[sql] Sample database for exercise

I would like to play with a larger database to test my knowledge on SQL.

Is there a huge .sql out there that I can use to play with SQL queries?

This question is related to sql test-data sample-data

The answer is


This is what I am using for learning sql: employees-db

this is a sample database with an integrated test suite, used to test your applications and database servers

3rd party edit

According to launchpad.net the database has moved to github.

The database contains about 300,000 employee records with 2.8 million salary entries. The export data is 167 MB, which is not huge, but heavy enough to be non-trivial for testing.

The data was generated, and as such there are inconsistencies and subtle problems. Rather than removing them, we decided to leave the contents untouched, and use these issues as data cleaning exercises.


If you want a big database of real data to play with, you could sign up for the Netflix Prize contest and get access to their data, which is pretty large (a few gigs of entries).

3rd party edit

The URL above does not contain the dataset anylonger (october 2016). The wikipedia page about the Netflix Prize reports that a law suit was settled regarding privacy concerns.

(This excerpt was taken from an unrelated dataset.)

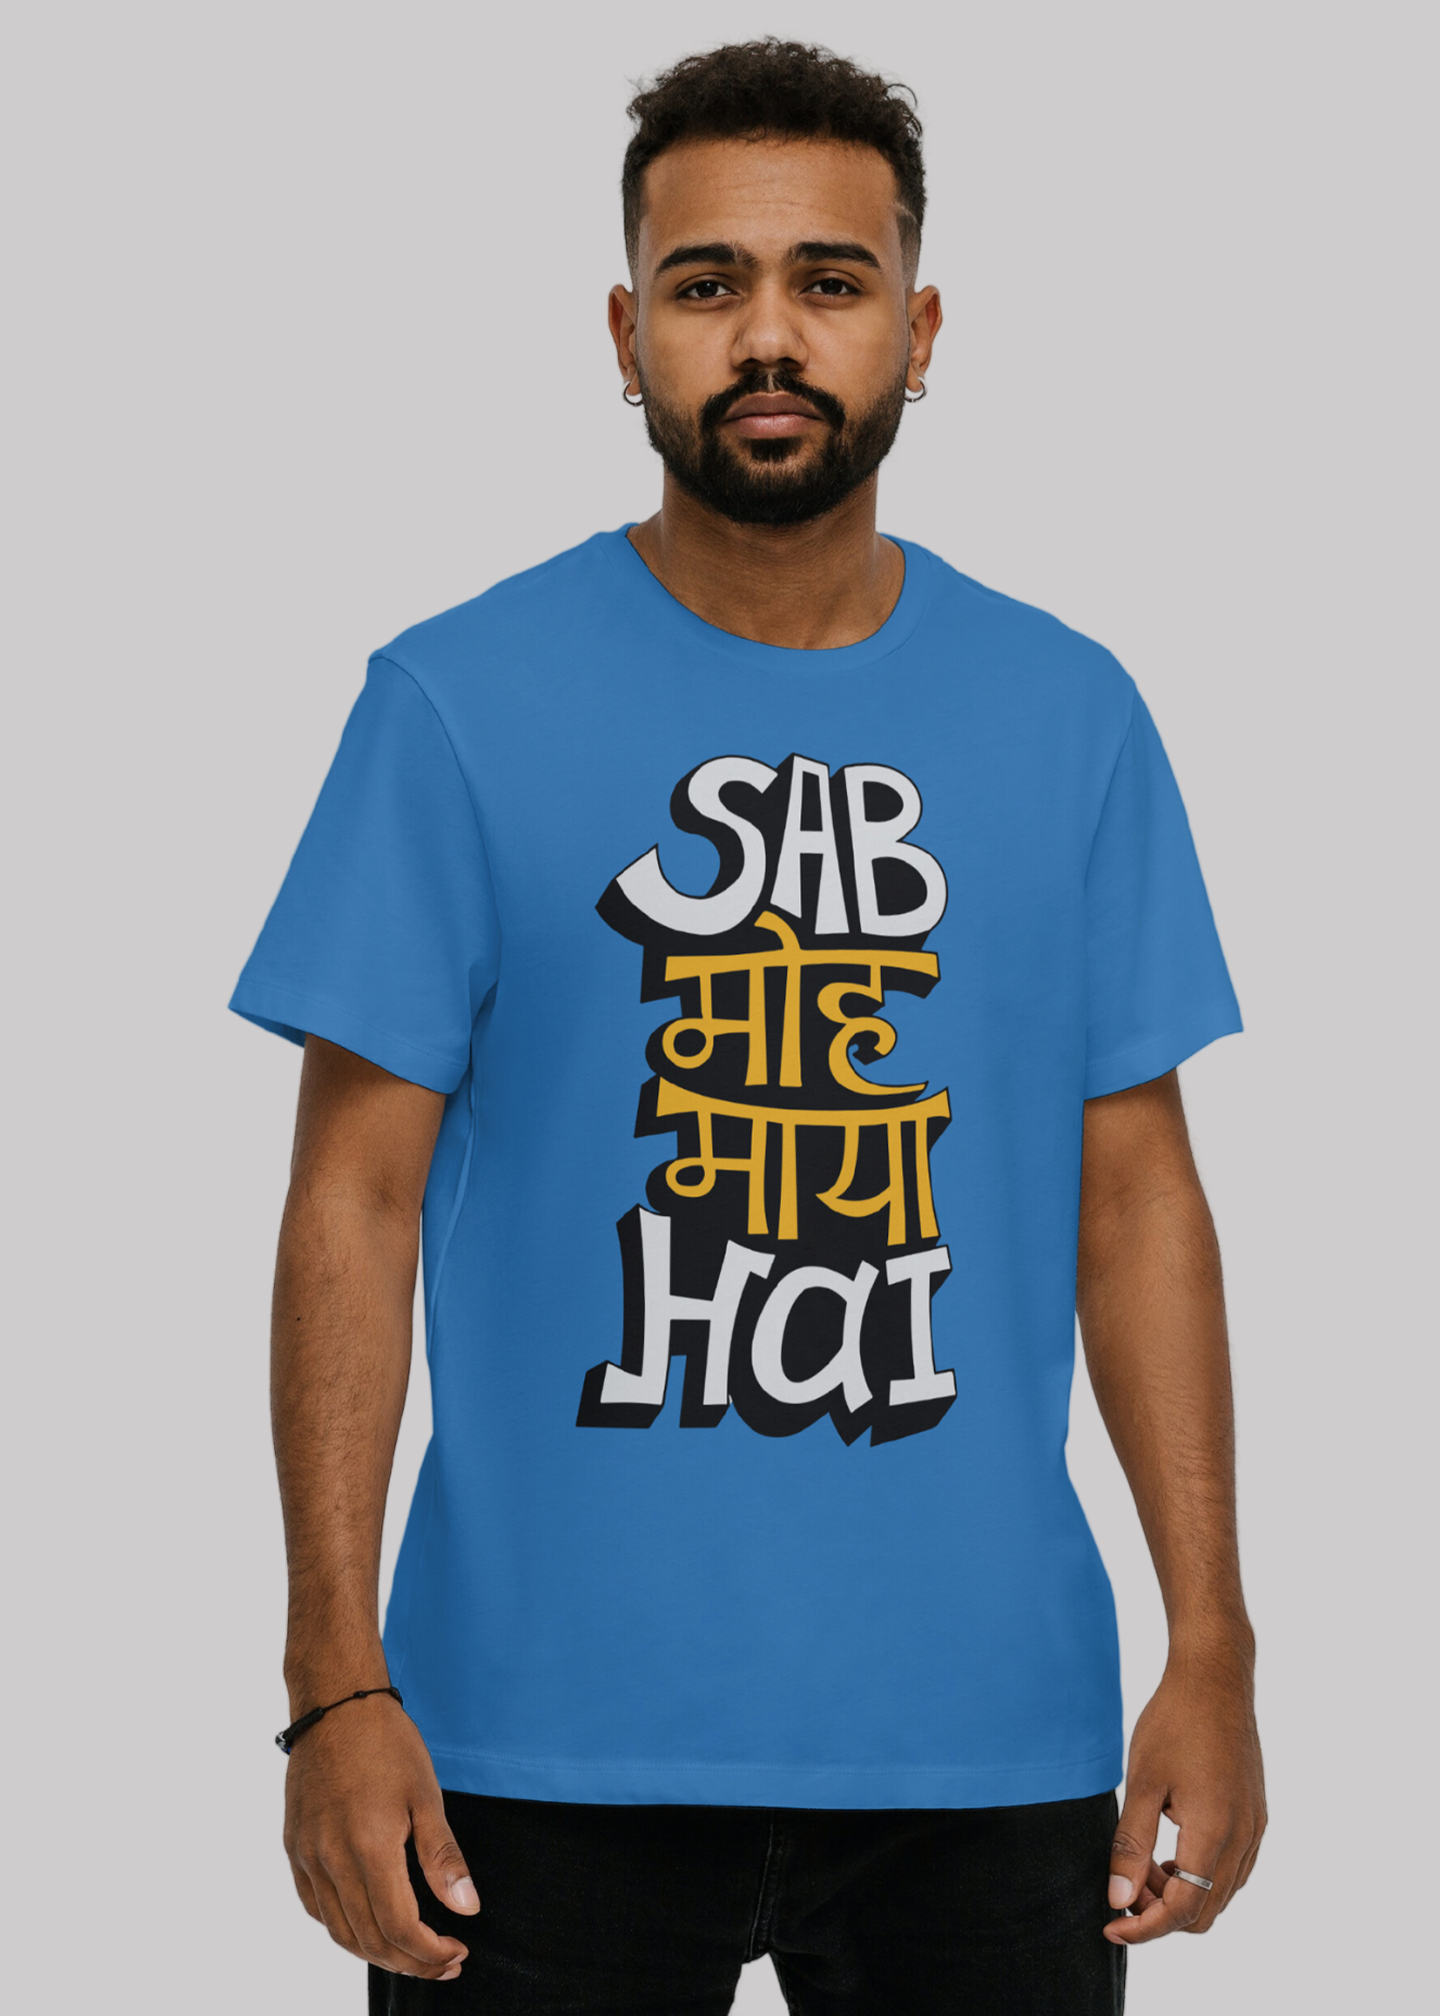 Saab moho maya hai Printed Half Sleeve Premium Cotton T-shirt For Men

This is an online database but you can try with the stackoverflow database: https://data.stackexchange.com/stackoverflow/query/new

You also can download its dumps here:

https://archive.org/download/stackexchange


Check out CodePlex for Microsoft SQL Server Community Projects & Samples

3rd party edit

On top of the link above you might look at


Why not download the English Wikipedia? There are compressed SQL files of various sizes, and it should certainly be large enough for you

The main articles are XML, so inserting them into the db is a bit more of a problem, but you might find there are other files there that suit you. For example, the inter-page links SQL file is 2.3GB compressed. Have a look at https://en.wikipedia.org/wiki/Wikipedia:Database_download for more info.

Oskar


You want huge?

Here's a small table: create table foo (id int not null primary key auto_increment, crap char(2000));

insert into foo(crap) values ('');

-- each time you run the next line, the number of rows in foo doubles. insert into foo( crap ) select * from foo;

run it twenty more times, you have over a million rows to play with.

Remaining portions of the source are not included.